SOURCE INFORMATION:

--

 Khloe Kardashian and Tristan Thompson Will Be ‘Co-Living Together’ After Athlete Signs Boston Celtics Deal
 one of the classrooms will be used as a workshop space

--

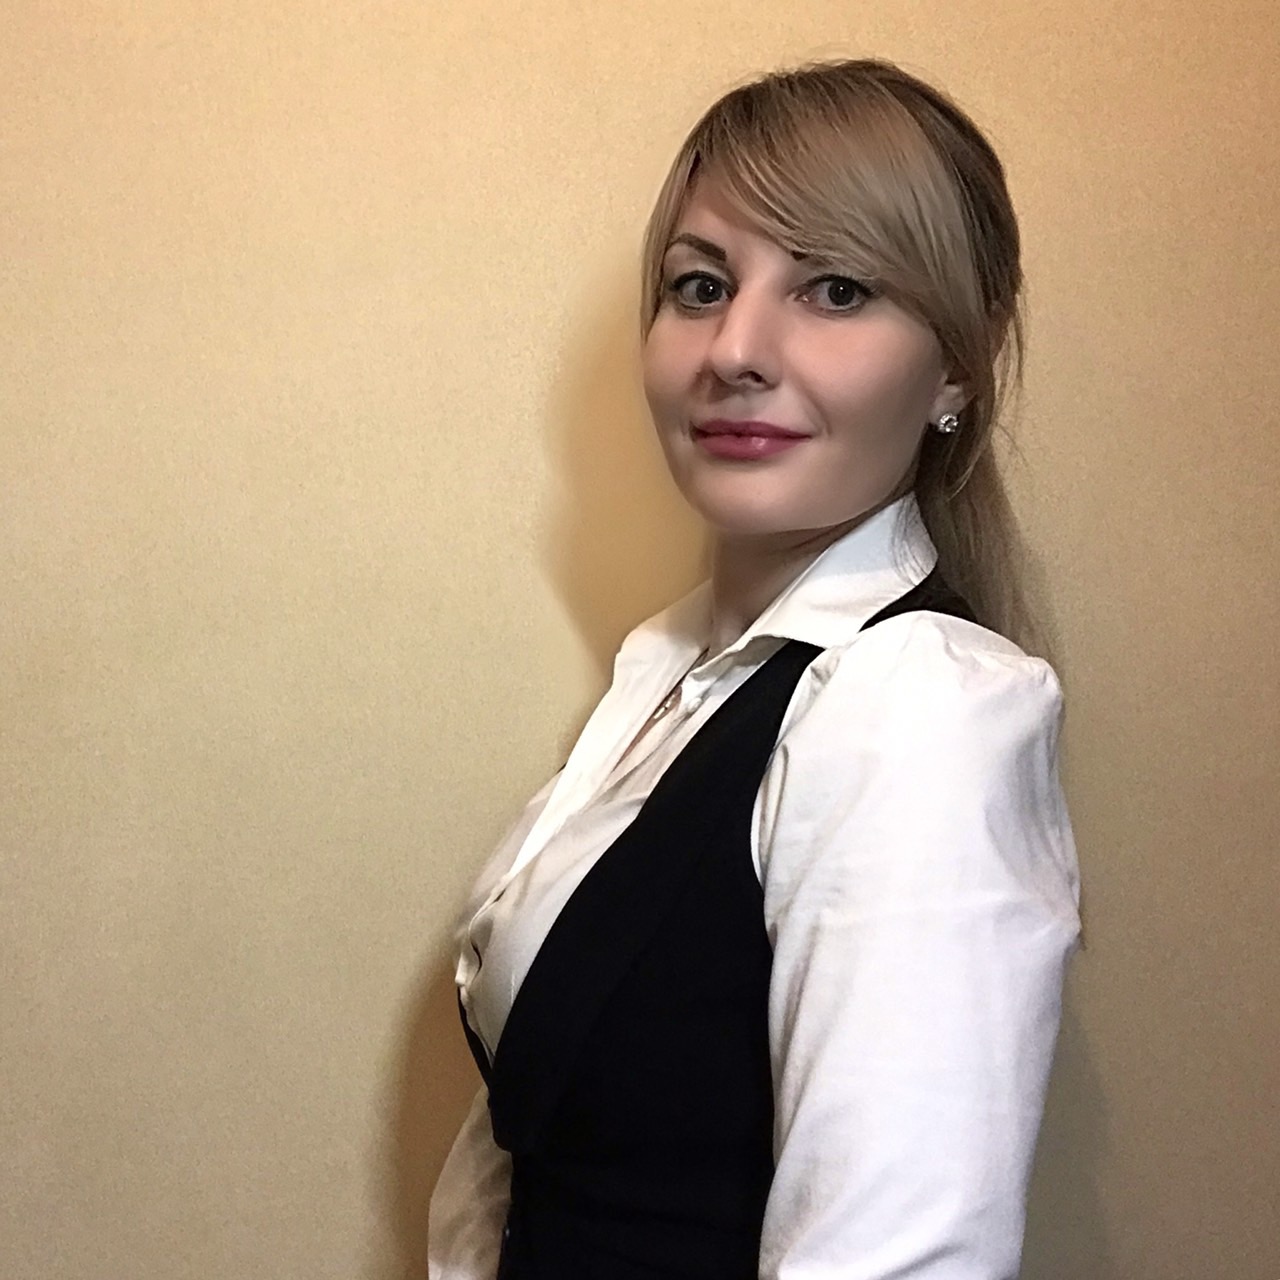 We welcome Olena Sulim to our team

--

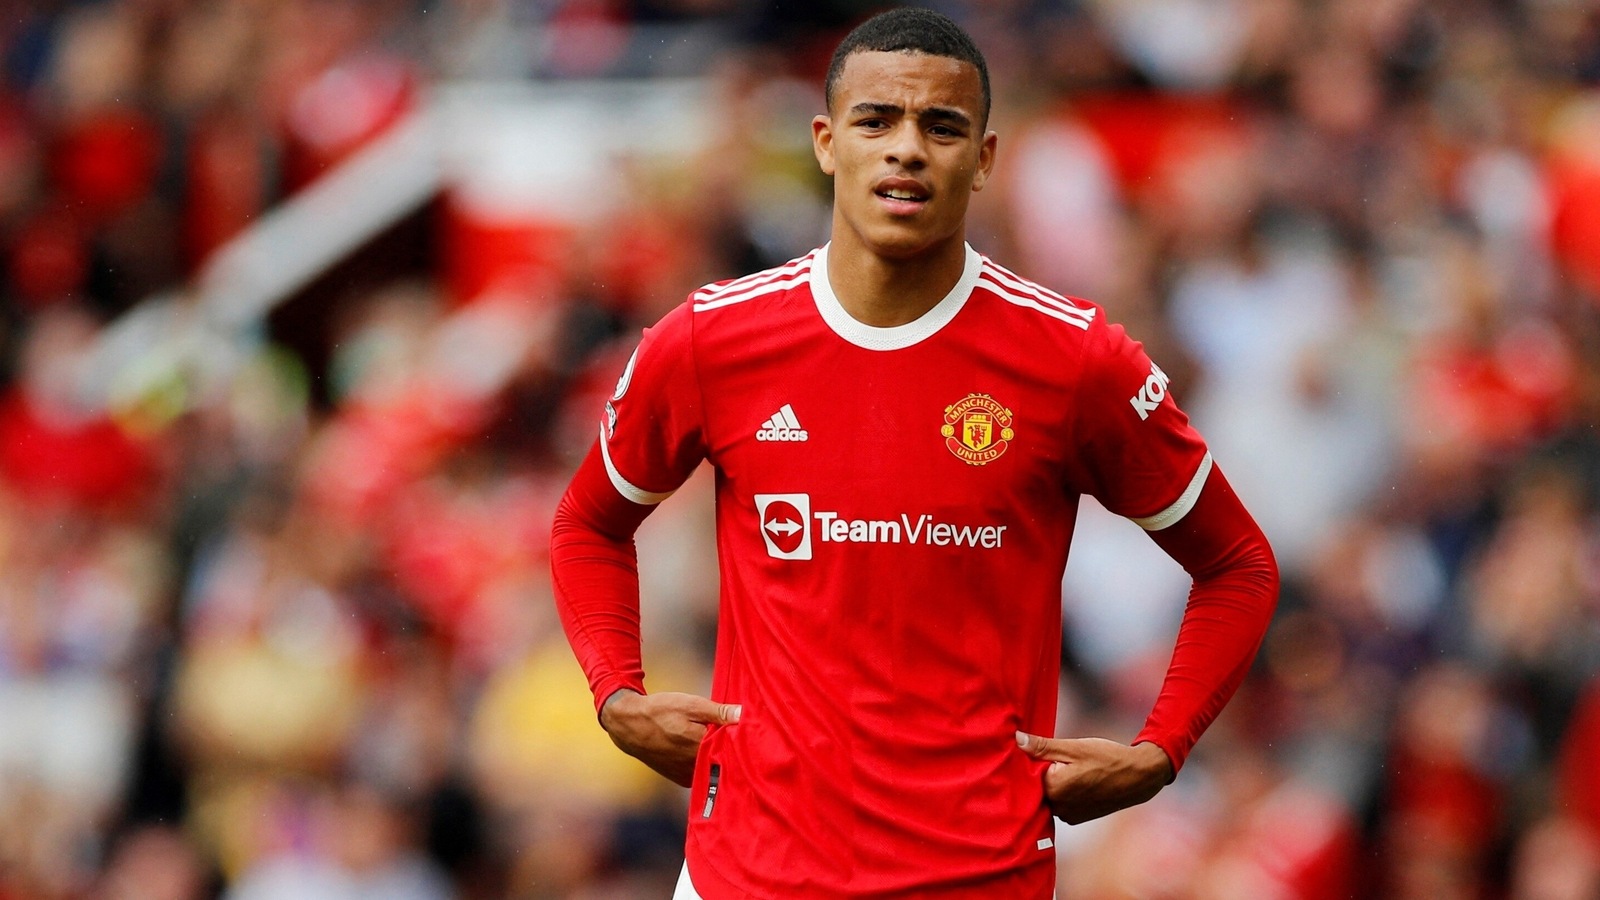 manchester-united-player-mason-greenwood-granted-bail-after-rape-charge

--

WHAT THE TASK REQUIRES: Taking the material above, extract exactly and only the lines from the line with "Khloe Kardashian and" to the line with "one of the classrooms", inclusive of both.

EXPECTED ANSWER:
 Khloe Kardashian and Tristan Thompson Will Be ‘Co-Living Together’ After Athlete Signs Boston Celtics Deal
 one of the classrooms will be used as a workshop space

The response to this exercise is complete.